(Beginning of Records for the exercise)

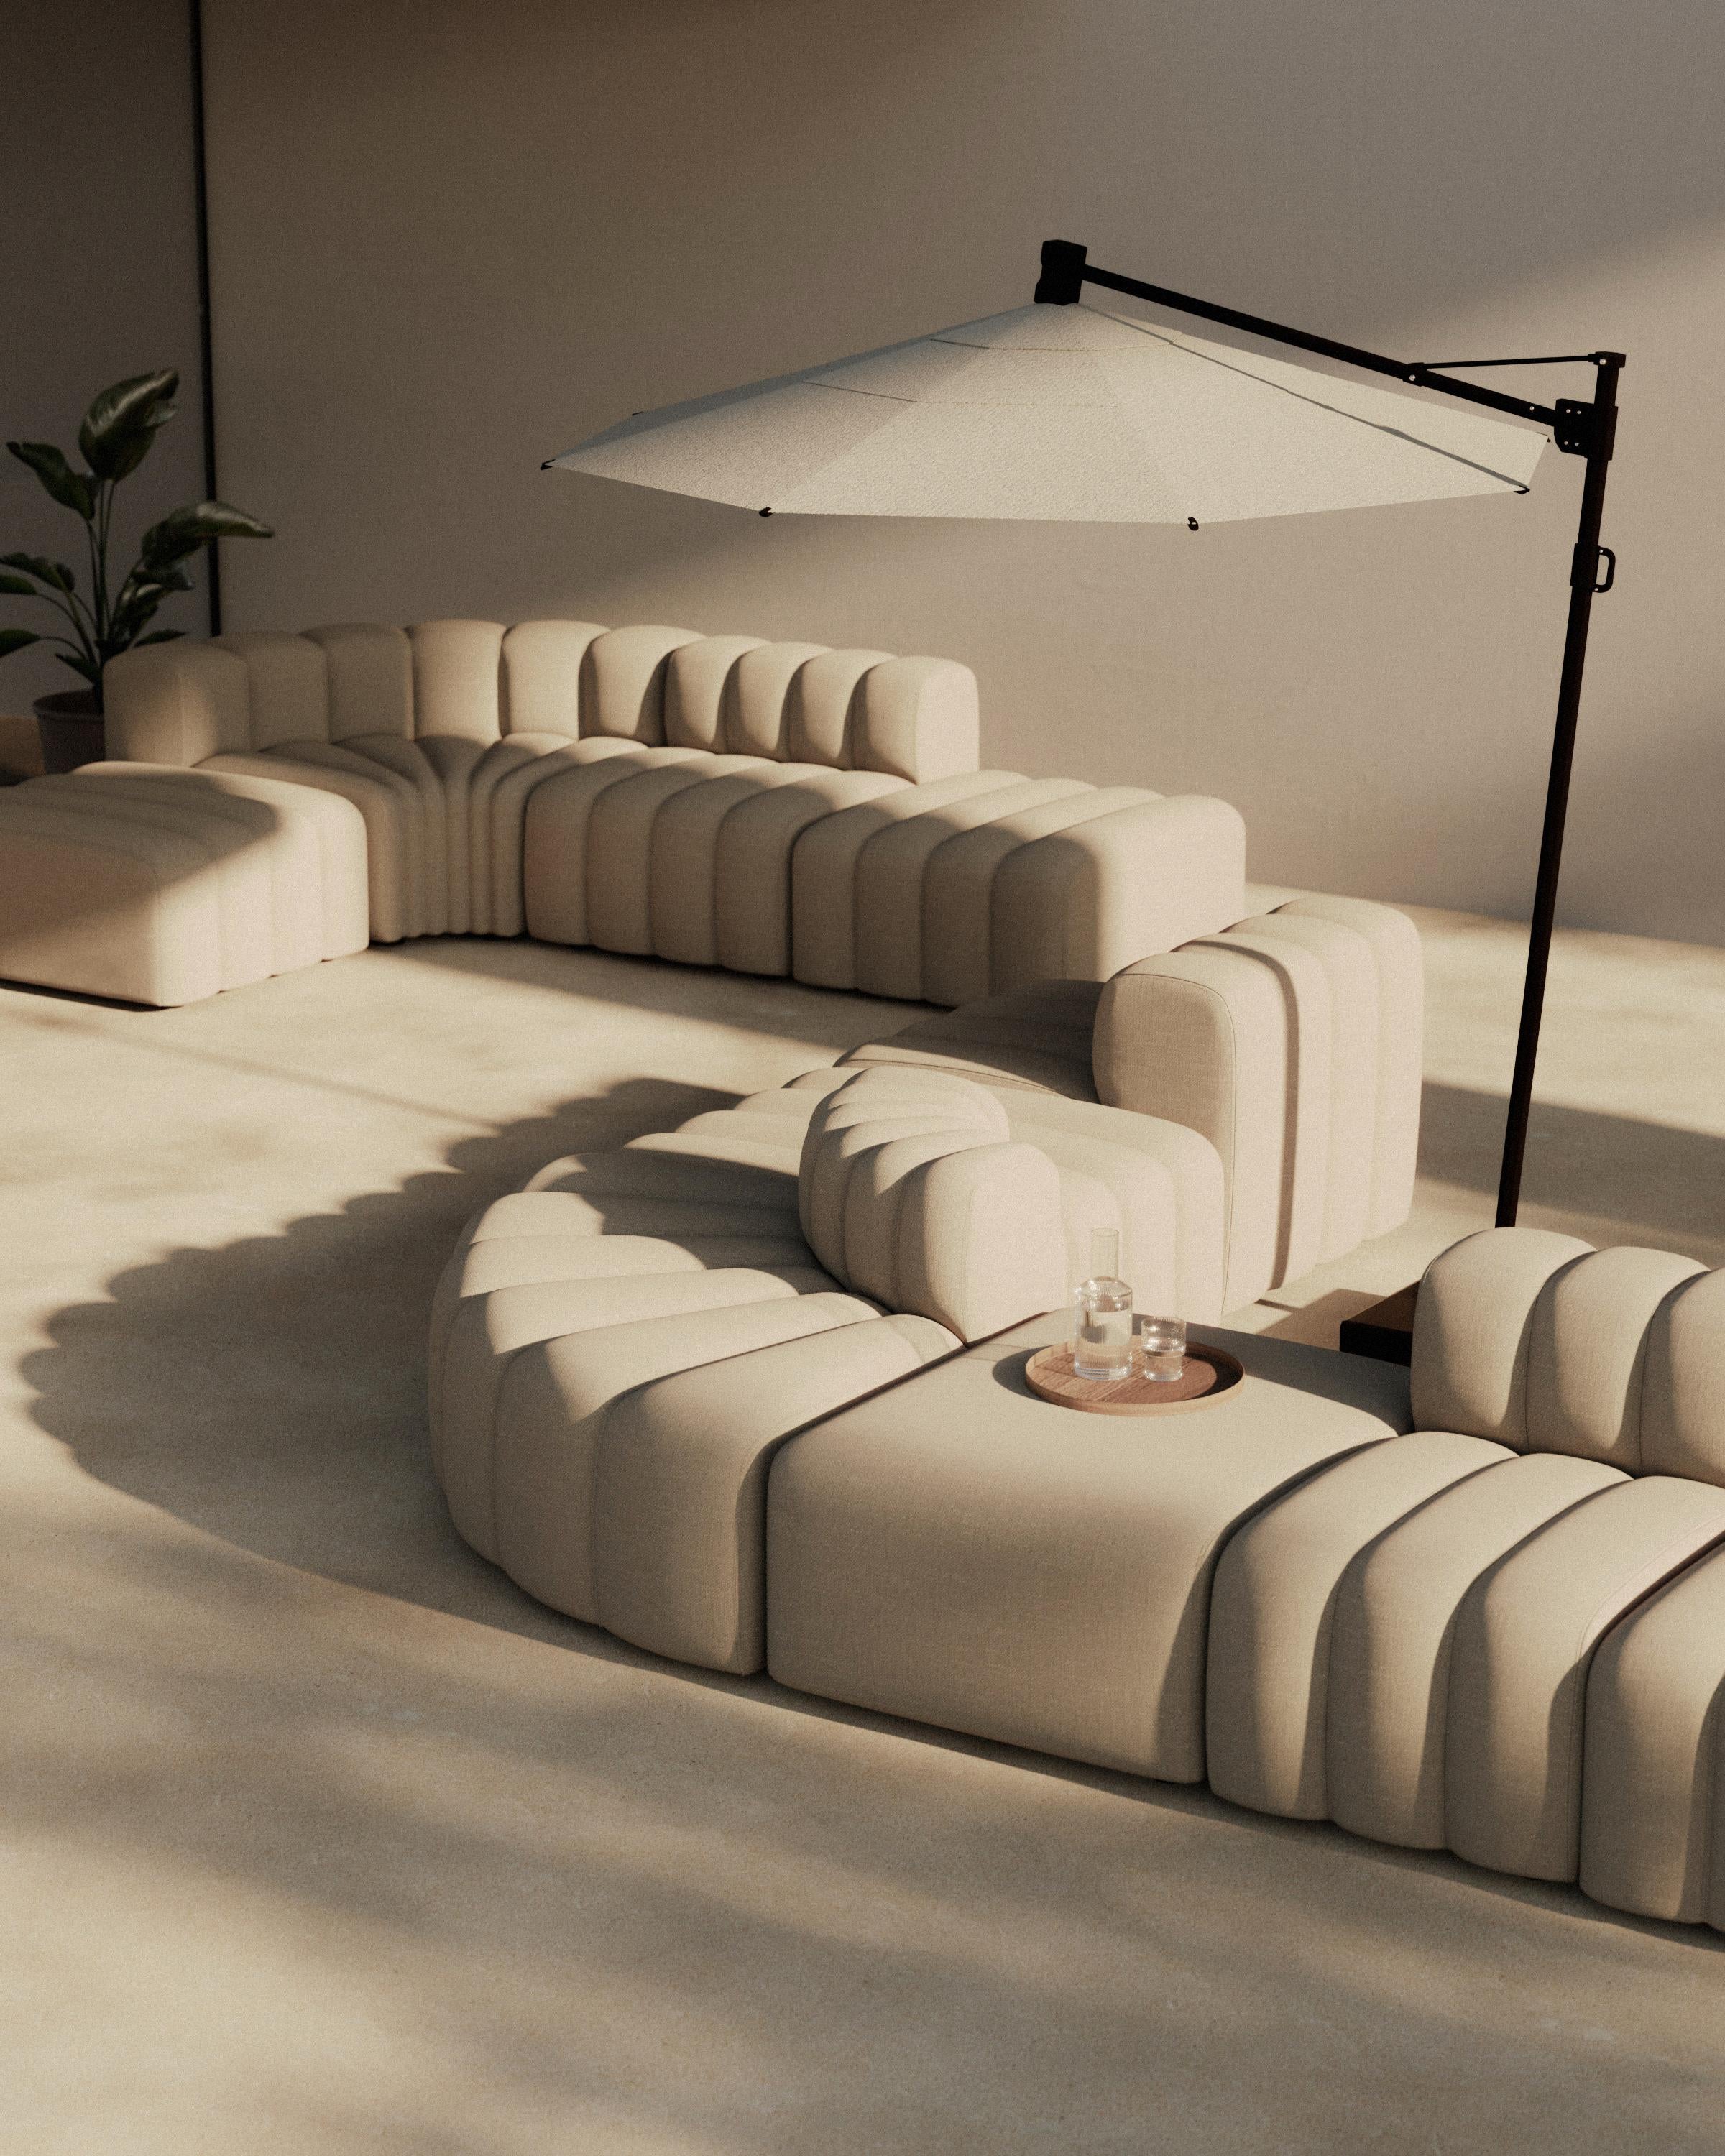 STUDIO sofa by Kristian Sofus Hansen & Tommy Hyldahl for Nor11
Outdoor

Measures: Setup 1 (2x medium, 1x ottoman, 1x armrest):
L. 240 cm / P. 96 cm / H. 70 cm / Seating H. 42cm

Modular sofa: assemble different modules to create your

(End of Records for the exercise)

## Task requirements
Starting at the line that contains "Measures: Setup 1", copy each line through the last one in the records, exactly, and output nothing else.

## Final answer
Measures: Setup 1 (2x medium, 1x ottoman, 1x armrest):
L. 240 cm / P. 96 cm / H. 70 cm / Seating H. 42cm

Modular sofa: assemble different modules to create your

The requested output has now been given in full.